Solr's ability to store node data is most dependent on the
max_field_length setting in its /var/opt/opscode/{opscode-solr,opscode-solr4}/etc/solrconfig.xml file.

Monitoring Node Size
--------------------------

You can monitor node size by including a recipe like the following on all of your nodes.
If it appears that nodes go missing from the search index, the data gathered by this simple recipe can help diagnose the problem

node.normal['initial_size'] = JSON.pretty_generate(node).to_s.size if node['initial_size'].nil?
node.normal['current_size'] = JSON.pretty_generate(node).to_s.size

 

Good / Bad node examples. Tested in Chef Server 12.3.1
----------------------------------------------------------------

In Chef's search index implementation, Solr does not store fields from the node data. It just indexes characteristics of the nodes in a searchable blob, which resolves to an ID for each blob when searched.

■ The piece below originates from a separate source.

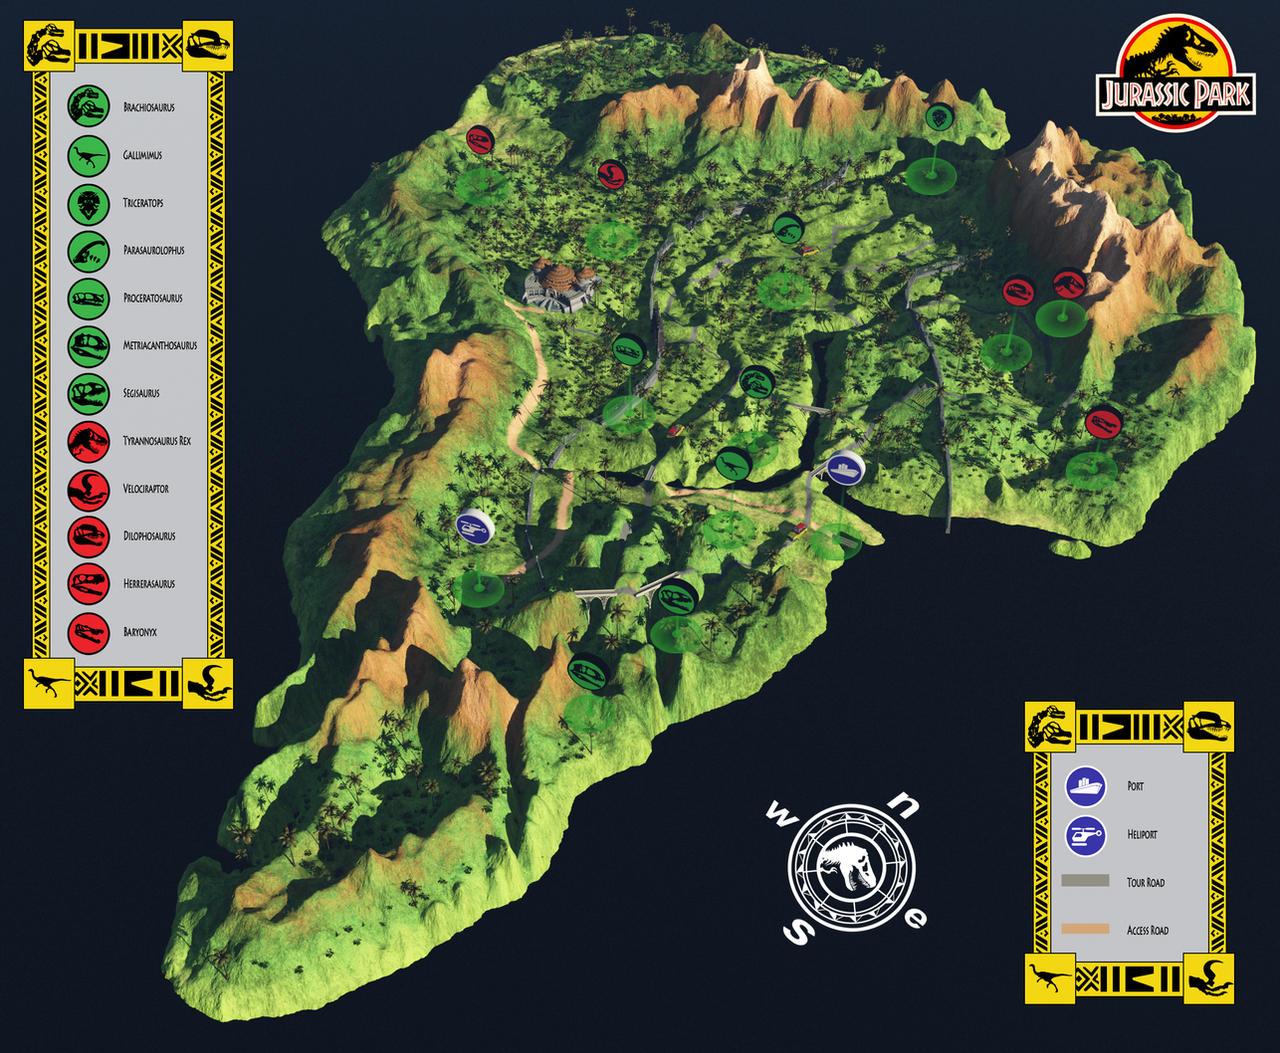 Jurassic park card 3 by chicagocubsfan24 on deviantart - Jurassic Park Map By Chakotay02

When we ask erchef to search on a particular characteristic, those IDs are the important thing that comes back
https://github.com/chef/chef-server/blob/7c1df38aee7439674972a49bc157443b5c5c9cbf/src/oc_erchef/apps/chef_index/src/chef_solr.erl#L73-L79

When erchef gets a search request, it sends it to
chef_wm_search:to_json, which ends up sending the result IDs to
chef_wm_search:make_search_results, which ends up calling
chef_wm_search:fetch_result_rows to get the rows with those IDs out
of the opscode_chef database nodes table at
https://github.com/chef/chef-server/blob/7c1df38aee7439674972a49bc157443b5c5c9cbf/src/oc_erchef/apps/oc_chef_wm/src/chef_wm_search.erl#L356

If you were to instrument the to_json, make_search_results, and
fetch_rows functions while a search for a node is occurring in erchef,
you would see something like this coming back. From this, it can be
seen that erchef uses both Solr
and Postgresql to respond to the request.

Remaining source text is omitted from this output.